We’ll merge the test set and the forecast to evaluate the accuracy using
the [mean absolute
error](https://en.wikipedia.org/wiki/Mean_absolute_error) (MAE).

```python theme={null}
res = Y_test.merge(fcst, how='left', on=['unique_id', 'ds'])
res.head()
```

|   | unique\_id           | ds         | y    | AutoARIMA | AutoARIMA-lo-95 | AutoARIMA-hi-95 |
| - | -------------------- | ---------- | ---- | --------- | --------------- | --------------- |
| 0 | FOODS\_3\_586\_CA\_3 | 2016-05-23 | 66.0 | 72.956276 | 44.109070       | 101.803482      |
| 1 | FOODS\_3\_586\_CA\_3 | 2016-05-24 | 62.0 | 71.138611 | 40.761467       | 101.515747      |
| 2 | FOODS\_3\_586\_CA\_3 | 2016-05-25 | 40.0 | 68.140945 | 37.550083       | 98.731804       |
| 3 | FOODS\_3\_586\_CA\_3 | 2016-05-26 | 72.0 | 65.485588 | 34.841637       | 96.129539       |
| 4 | FOODS\_3\_586\_CA\_3 | 2016-05-27 | 69.0 | 64.961441 | 34.291973       | 95.630905       |

```python theme={null}
mae = abs(res['y']-res['AutoARIMA']).mean()
print('The MAE with exogenous regressors is '+str(round(mae,2)))
```

```text theme={null}
The MAE with exogenous regressors is 11.42
```

To check whether the exogenous regressors were useful or not, we need to
generate the forecast again, now without them.
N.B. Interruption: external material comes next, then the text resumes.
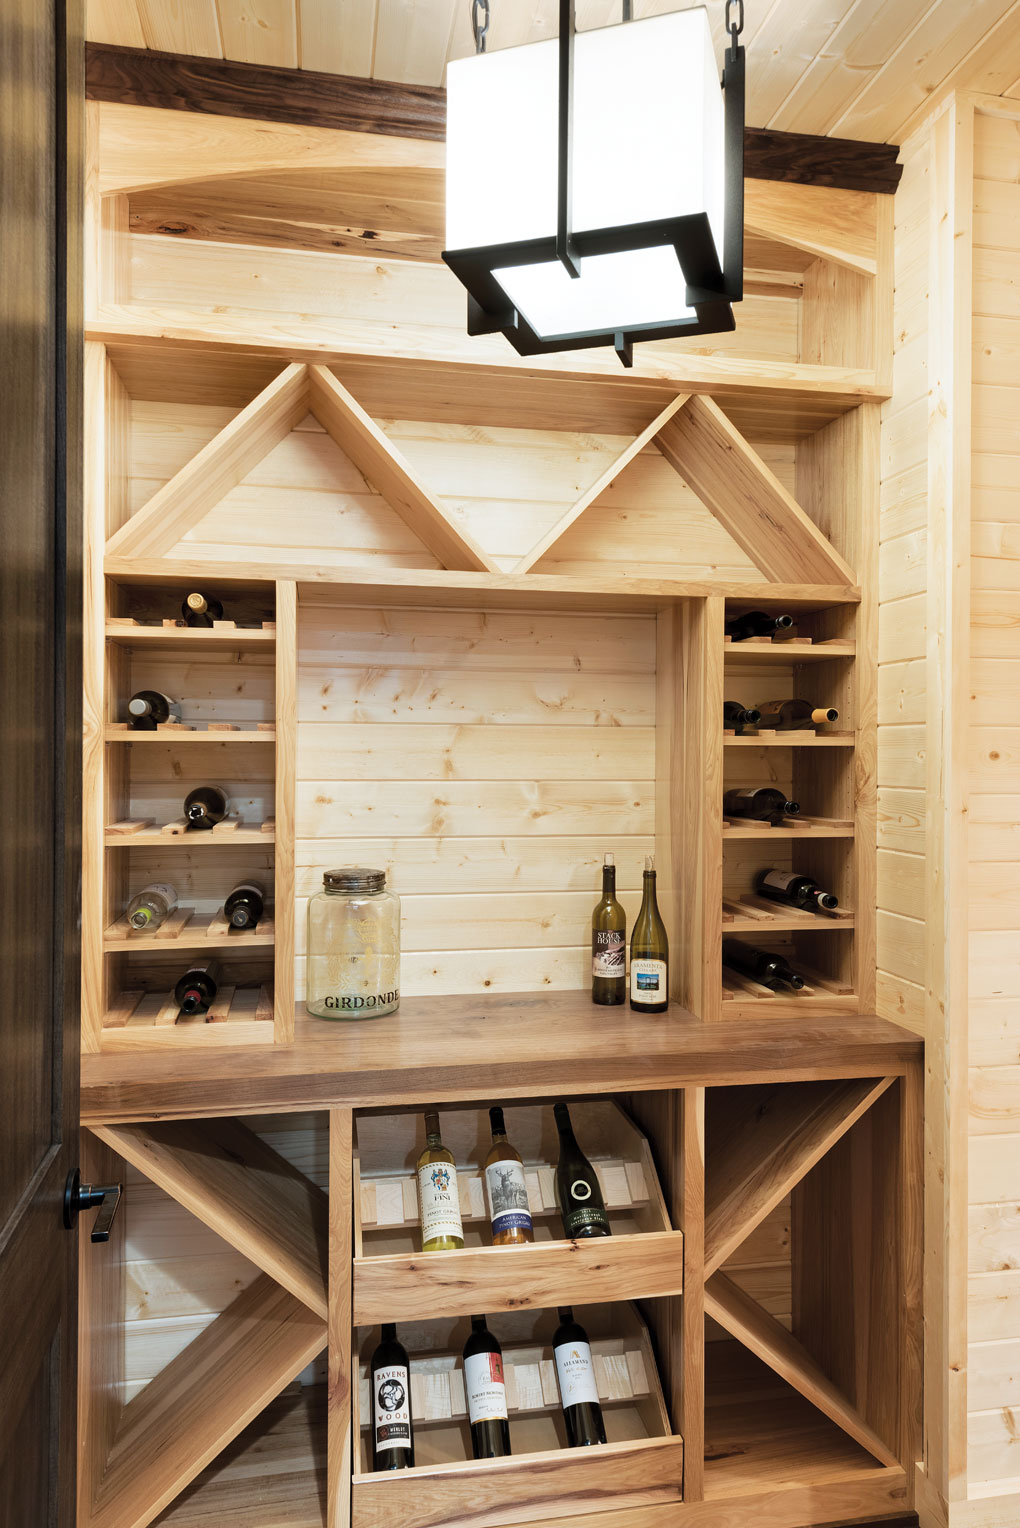 A knotty pine- and hickory-lined wine cellar stocked with bottles of wine.

To do this, we simply
pass the dataframe without exogenous variables to the `forecast` method.
Notice that the data only includes `unique_id`, `ds`, and `y`. The
`forecast` method no longer requires the future values of the exogenous
regressors `X_df`.

```python theme={null}
# univariate model 
fcst_u = sf.forecast(df=train[['unique_id', 'ds', 'y']], h=28)

res_u = Y_test.merge(fcst_u, how='left', on=['unique_id', 'ds'])
mae_u = abs(res_u['y']-res_u['AutoARIMA']).mean()
```

```python theme={null}
print('The MAE without exogenous regressors is '+str(round(mae_u,2)))
```

```text theme={null}
The MAE without exogenous regressors is 12.18
```

Hence, we can conclude that using `sell_price` and `snap_CA` as external
regressors helped improve the forecast.